Tomato sauce is, after all, a basic blend of cooked tomatoes, garlic, and olive oil. Therefore, a can of crushed or whole peeled tomatoes provides the bulk of a pizza sauce's ingredients. Furthermore, since pizza sauce is inherently uncooked, a sauce for pizza using canned tomatoes is even simpler than you can imagine. All you need to do is open a can of crushed or whole tomatoes, and pour it into a bowl with a few spoonfuls of olive oil and freshly grated garlic, blending to combine.

No fancy equipment is necessary as you can use a potato masher, fork, or even your hands to break the tomatoes down into a fresh, chunky sauce. Spread a layer of sauce over your dough, top it with cheese and anything else you fancy, and let the oven do the rest.
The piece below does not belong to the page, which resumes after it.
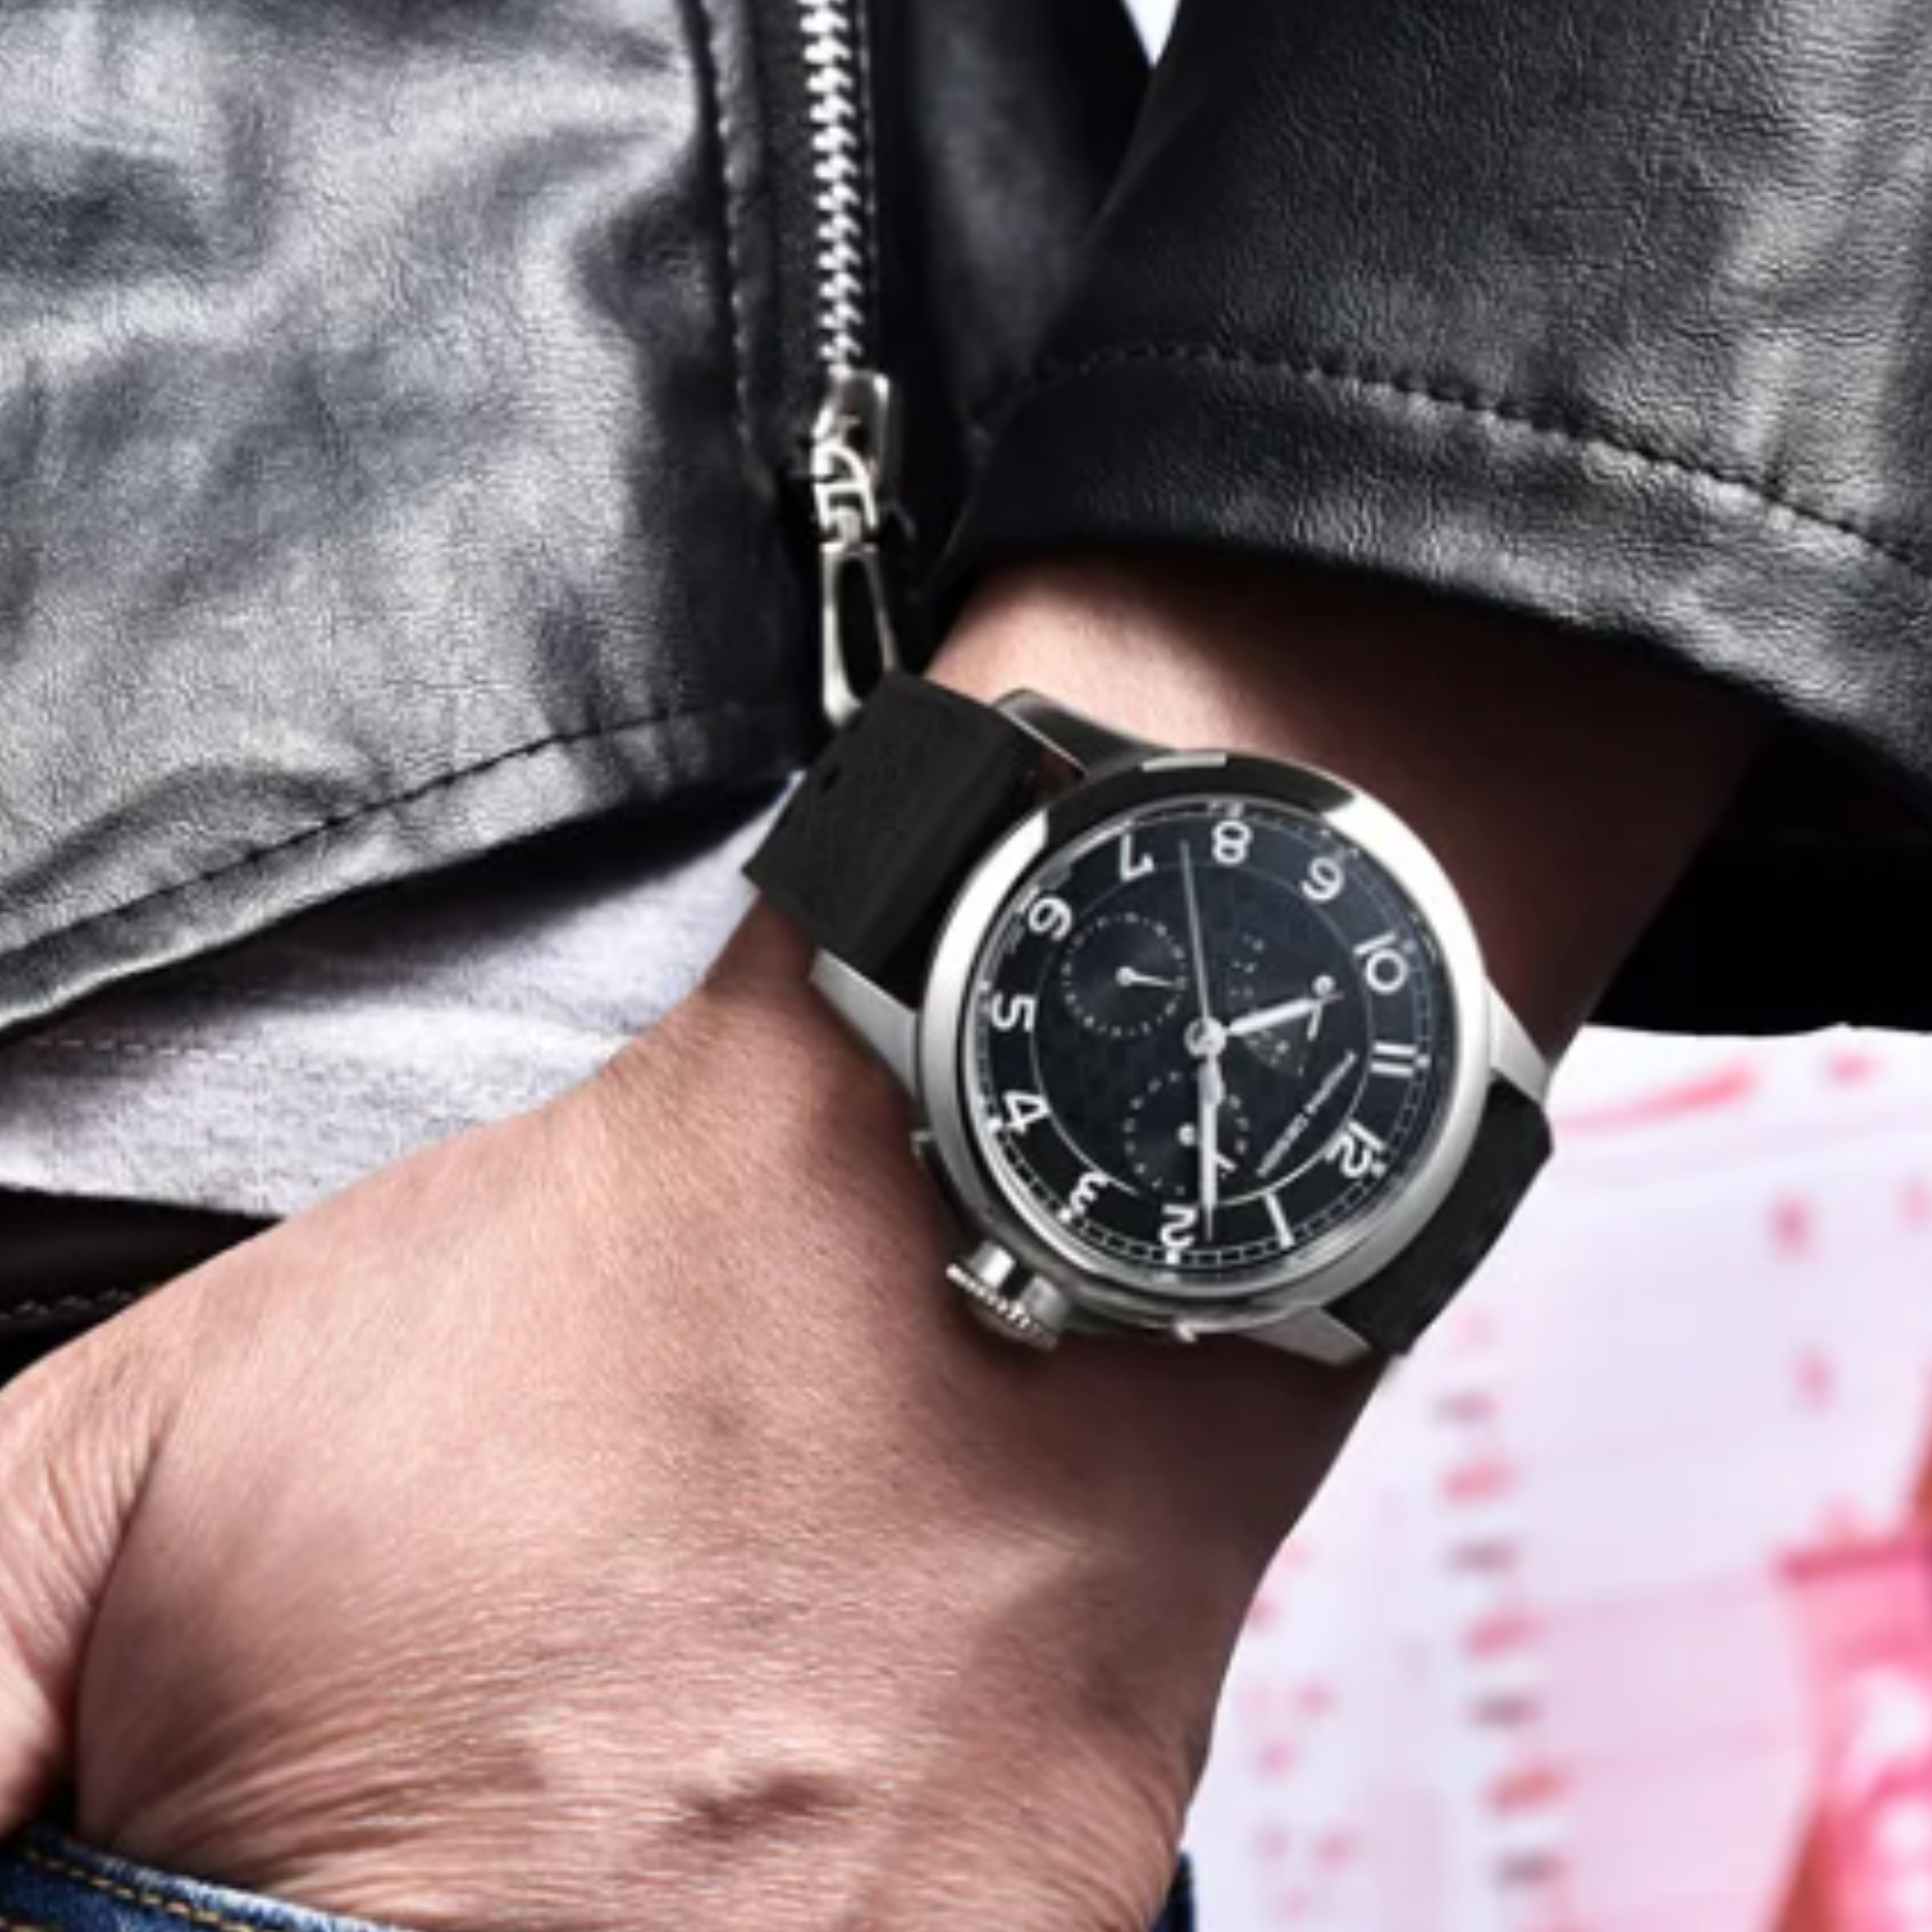 Pagani Design PD-1780 Japanese Quartz Movement Wristwatch with Sapphire Crystal Calendar New 24 Hours 100M Waterproof Watch - Black Dial

The best canned tomatoes for your pizza sauce

While pizza isn't protected under the Italian Denominazione di Origine Protetta, (protected designation of origin) or DOP, certain pizza ingredients are. If you're eating pizza in Naples, it's likely to be topped with iconic San Marzano tomatoes DOP, which are sold canned in most supermarkets around the U.S. and Western Europe. San Marzano whole or crushed tomatoes are ideal for making the most authentic pizza sauce. If you want the approved version, make sure it has DOP on the can. However, we're saying that any high-quality canned tomatoes will do.

You can choose between whole, crushed, or pureed canned tomatoes. Whole are the purest and arguably tastiest form of canned tomatoes, while crushed or pureed are the most convenient. Olive oil and finely chopped garlic are all you need to create a well-balanced aromatic, earthy, savory pizza sauce. If you want to mellow the spiciness of fresh garlic, you can let the tomato sauce sit for a few hours in the fridge before using it. You can also doctor the sauce with traditional seasonings like basil, oregano, and freshly cracked pepper.

If you're set on cooking canned tomatoes into a thicker, richer sauce, you can add them to sauteed onions and olive oil to simmer for half an hour. A pre-cooked sauce is more likely to burn and dry out in the oven, so, in general, a cooked tomato sauce is better suited for pasta than for pizza.